If the development partners foresee that they are on track to meet the targets, each partner minds their own business. Development partners are not harassed with requests for status updates and are free to innovate and use their own processes to get the job done. On the other side of the partnership, management can have confidence in the direction of the project, having defined with care its broader goals.
If the partner perceives that they aren’t likely to hit the target – this is called “a boundary break” – then it is their responsibility to inform you which boundary or boundaries are likely to be broken. This triggers an out-of-bounds review (OOB), which is an escalation process, a means of resetting projects with a minimum of time wasted.
If the development partner perceives that there will be a boundary break, it sends a communication proposing a solution to the break. If you concur with the partner’s solution, then each side comes to an agreement around a new quantitative measure for the boundary condition(s) in question, and the project goes forward on that basis.
If you do not agree with your partner’s suggested solution to the boundary break, then that triggers a face-to-face meeting where the agreement is renegotiated. The partners will then agree to new boundary conditions, create new metrics, and move forward with these revised measures of success as the new baseline.
It is extremely important for you to respond immediately if your partner says a boundary break is likely. The out-of-bounds process, where you come to an agreement on new boundary conditions, should take hours or days, not weeks or months. Projects that are near an impasse because there is no clear escalation path are in deep trouble. The boundary conditions and out-of-bounds review approach is intended to keep projects on the boil.
After the out-of-bounds review is complete, the partners continue as before, assuming that the new agreement re-establishes the project’s targets. This ensures that partners aren’t micromanaged, while providing a simple escalation process for projects that stray from agreed upon bounds.

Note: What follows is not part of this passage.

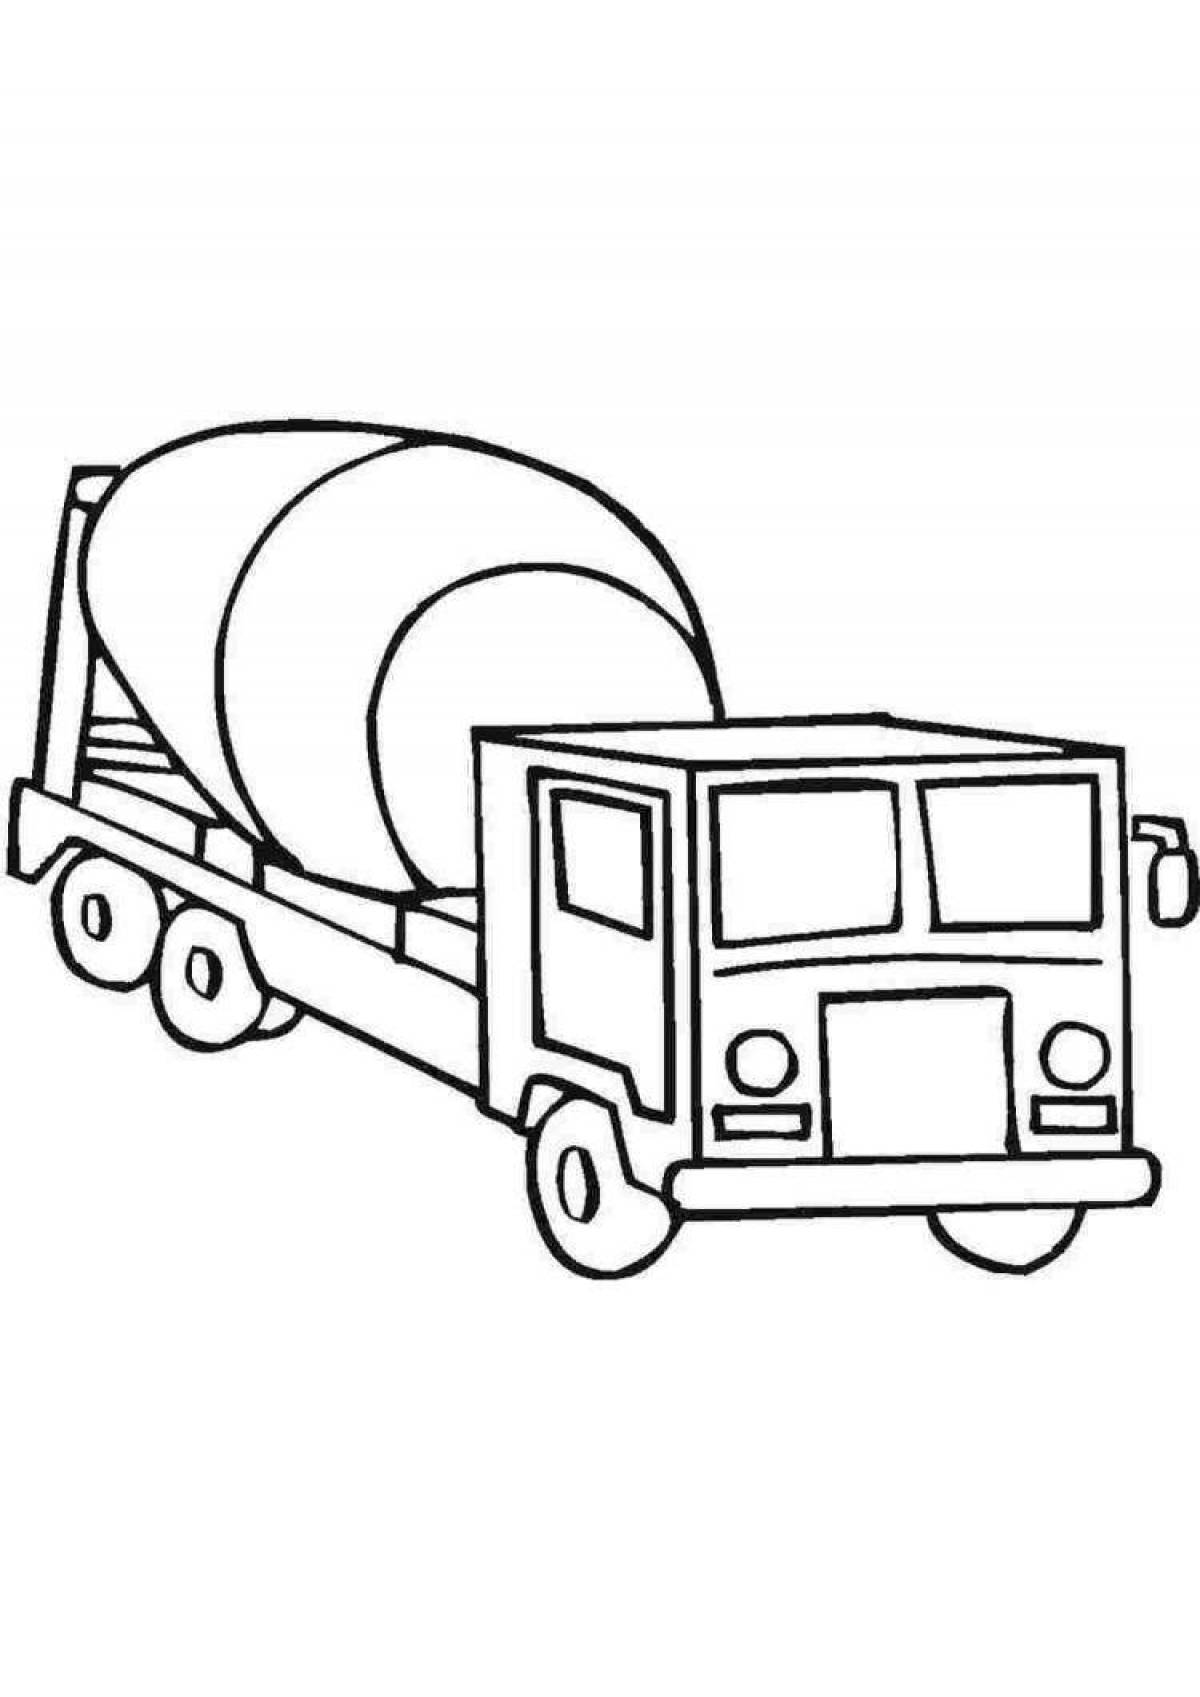 Amazing concrete mixer coloring book for kids

The boundary conditions approach depends on getting roles and responsibilities right. For example, get clear on what subset of management oversees the partner. The process champions also have to define who gets informed when there is a boundary break.

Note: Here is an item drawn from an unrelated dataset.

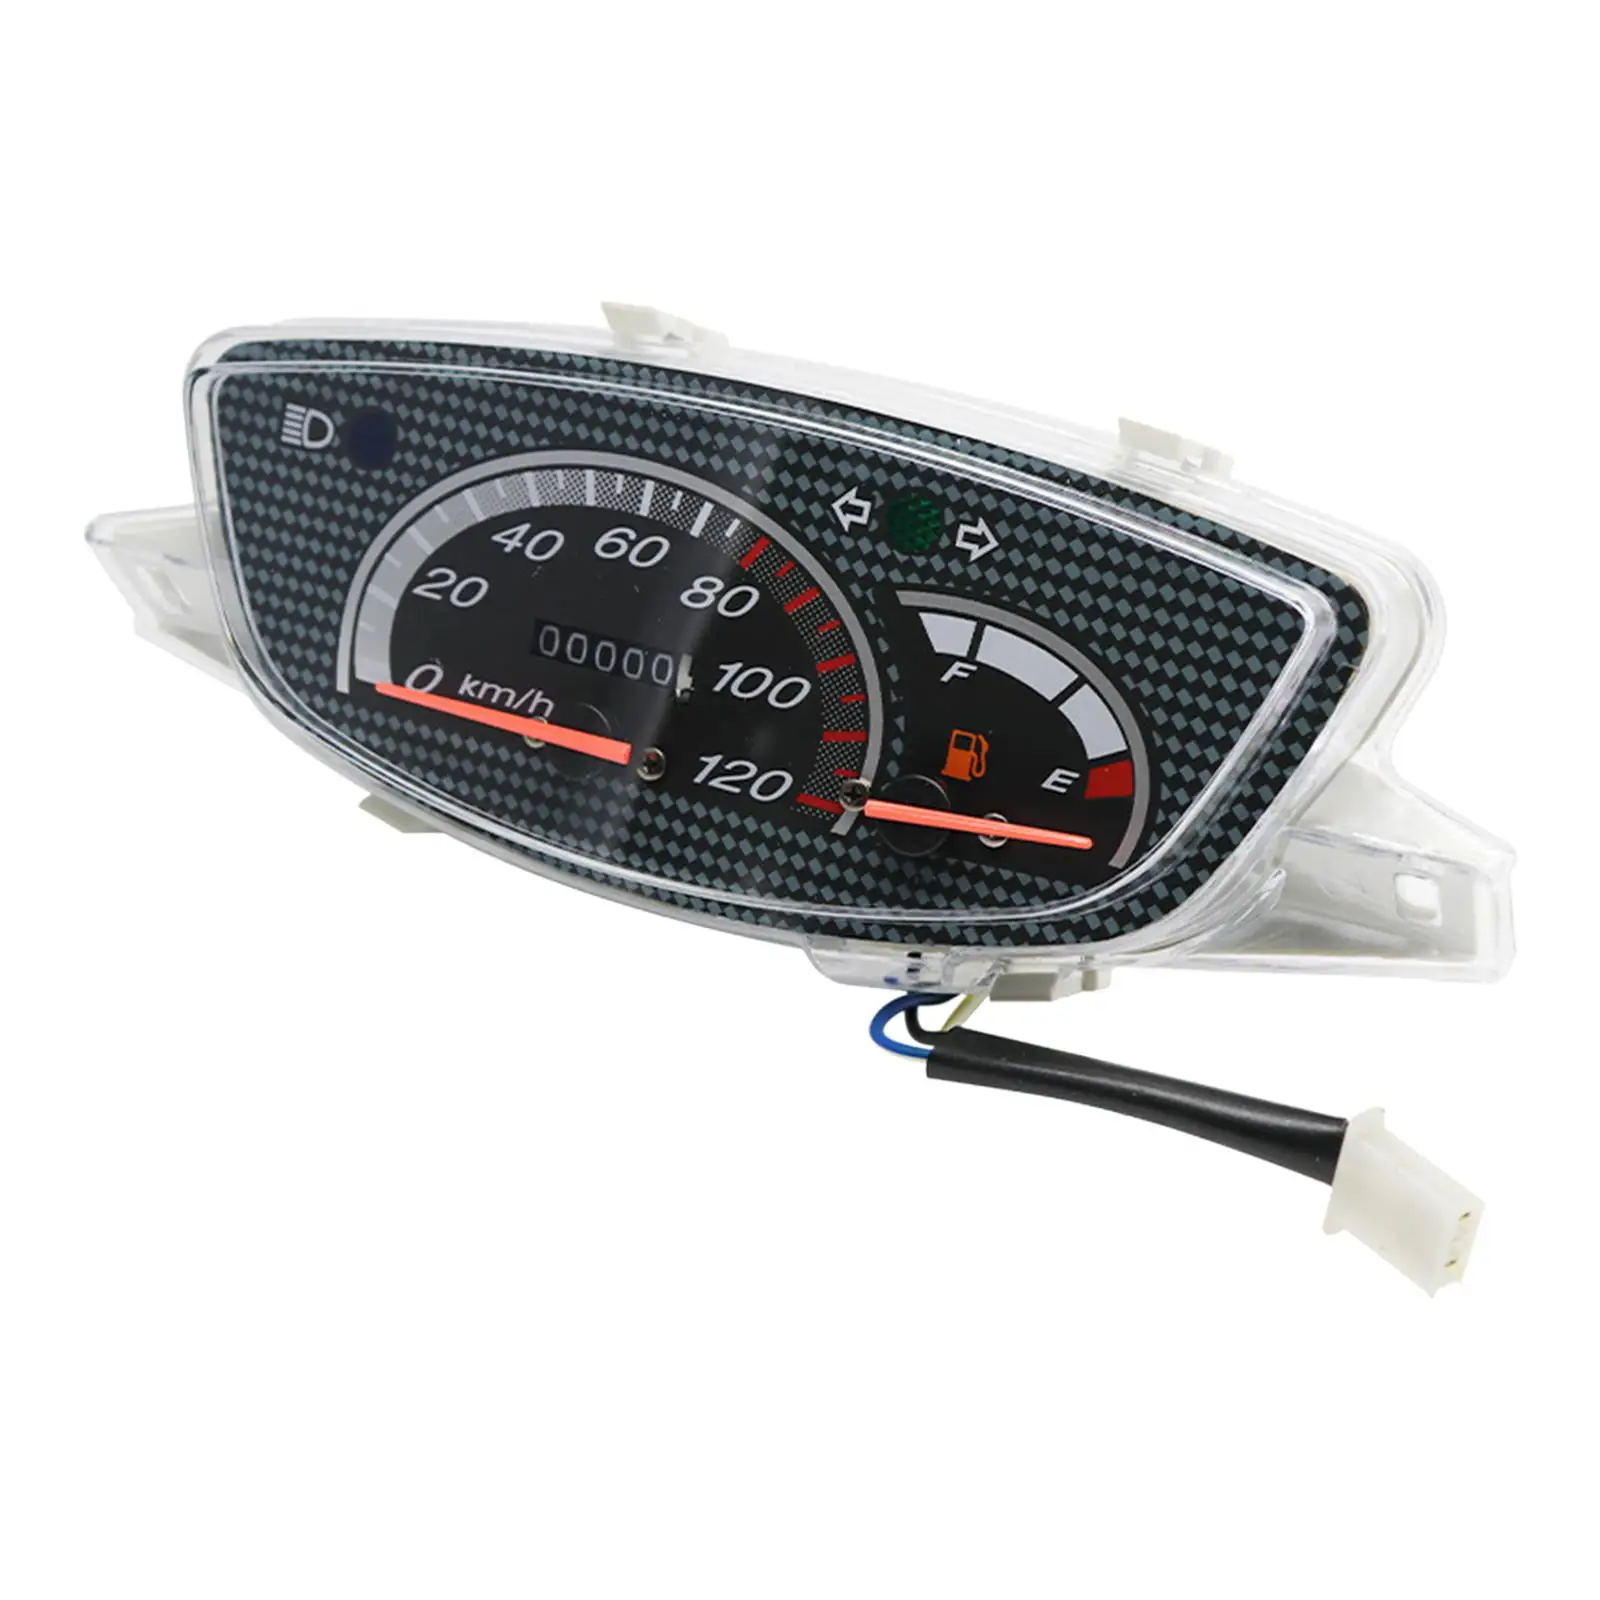 ABS Plastic Motorcycle Speedometer Assembly Instrument Black Odometer for Honda Diozx AF34/AF35 Motorcycle Parts Supplies

Partners might also negotiate what exactly constitutes a boundary break, and the timing of communications around them. It is also important for the partner to understand that it is their responsibility to propose a solution in the event of a potential boundary break.
Empowering partners, while managing to precise targets, is a challenge for many management teams. It requires a cultural shift in organizations where hands-on management likes to meddle.

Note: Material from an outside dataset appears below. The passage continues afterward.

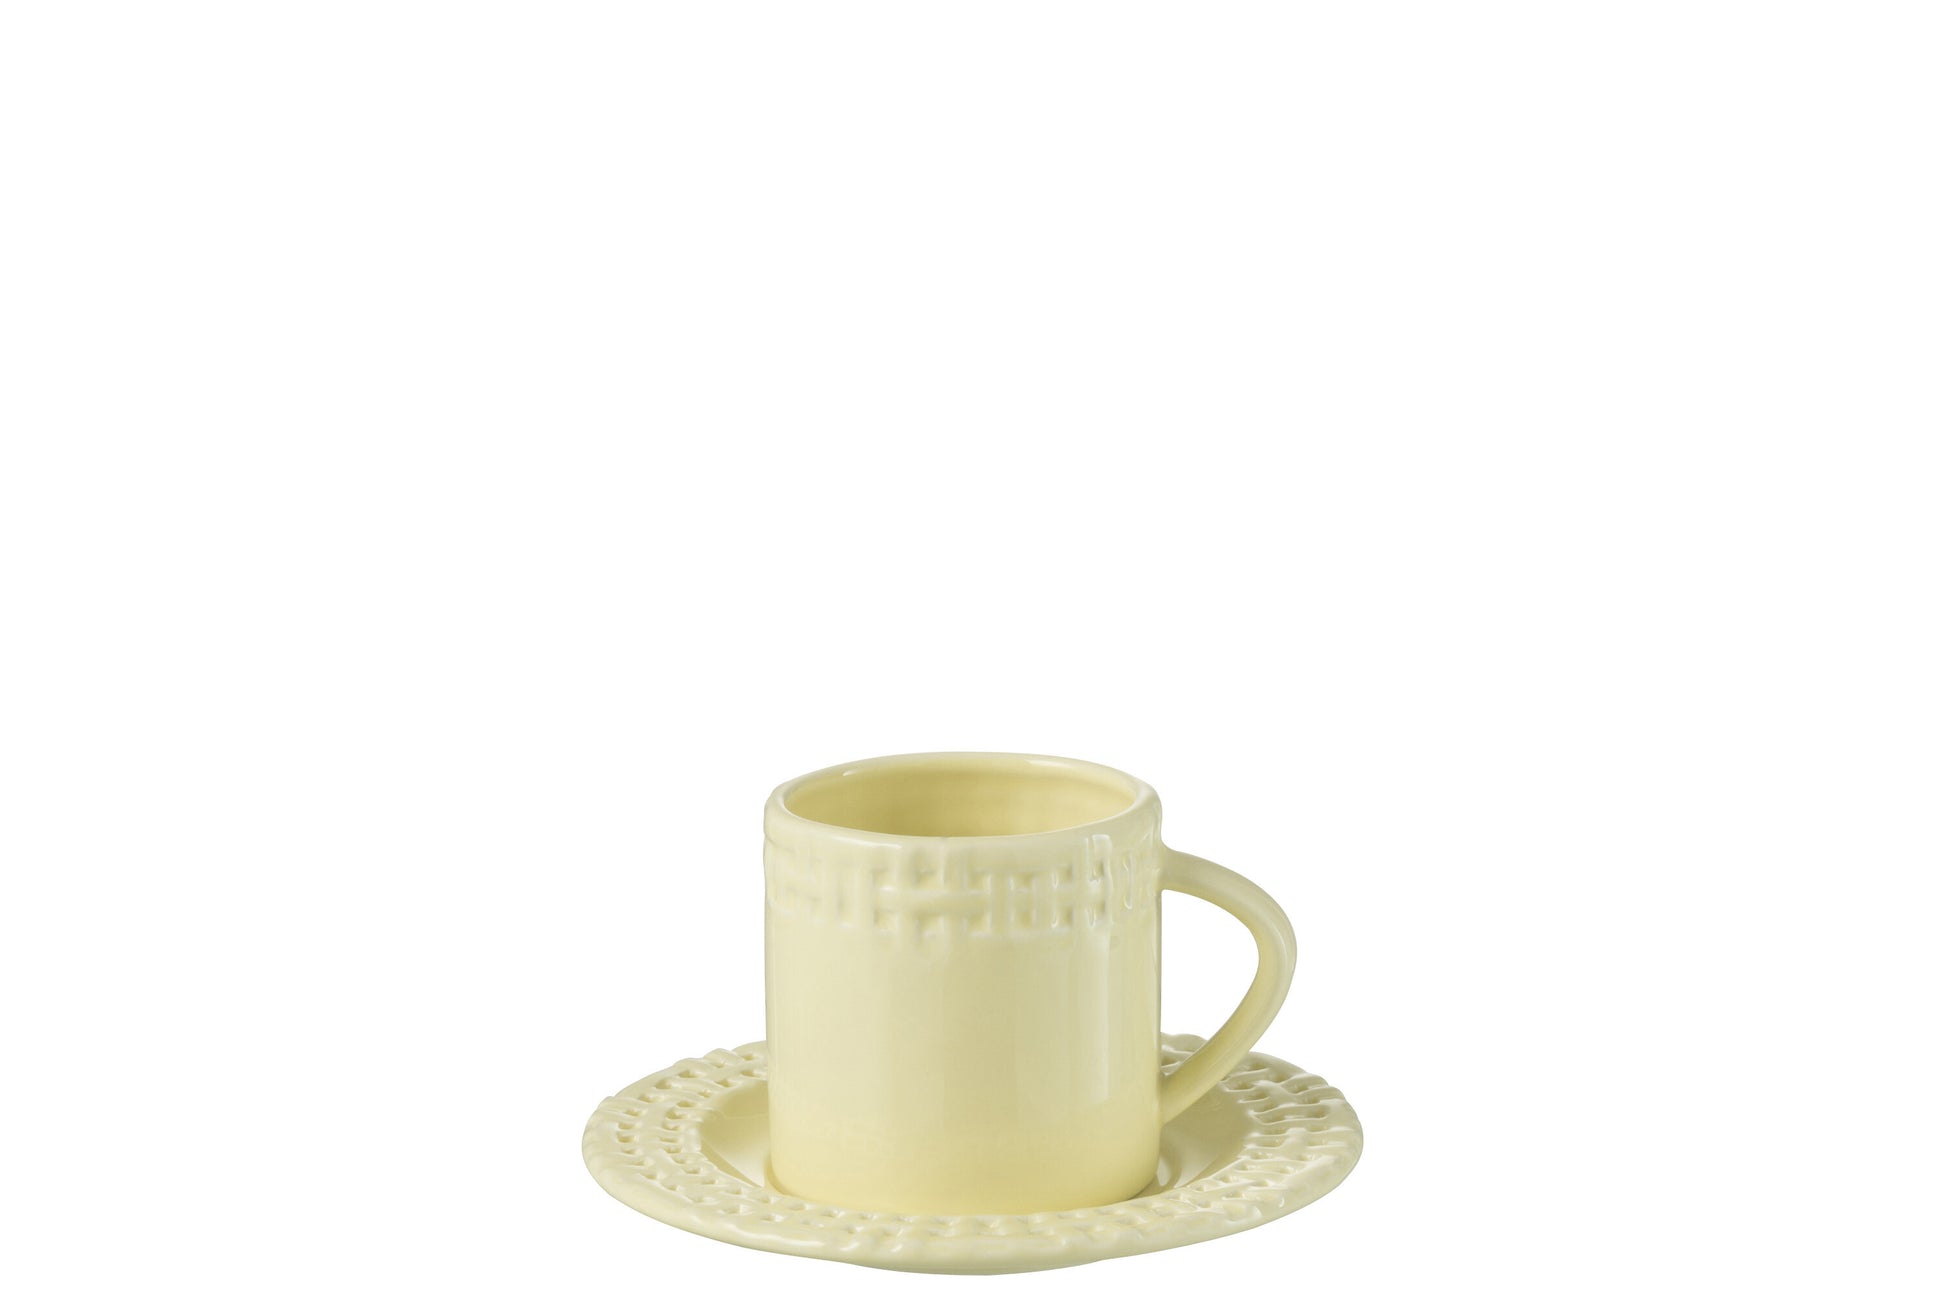 CUP AND SAUCER CERAMIC YELLOW

For example, we had one client that insisted on weekly status meetings (in this case with their internal teams) even when it was clear that the team was well within bounds. There was no need. Why waste time meeting for an hour (plus prep) to explain to management that the team is proceeding as promised? Pure time waster. It’s the antithesis of lean and agile product development.
Defining roles and responsibilities using the modified RACI chart, and creating boundary conditions for your projects, eliminate waste and churn, freeing up a well of resources. Partners working to clear and defined specs require less managerial time and effort on your part. If projects start to go awry, there’s a relatively blame-free, pain-free way to set them back on track by focusing on quantitative goals that remain objective targets. This empowered approach improves relationships between partners.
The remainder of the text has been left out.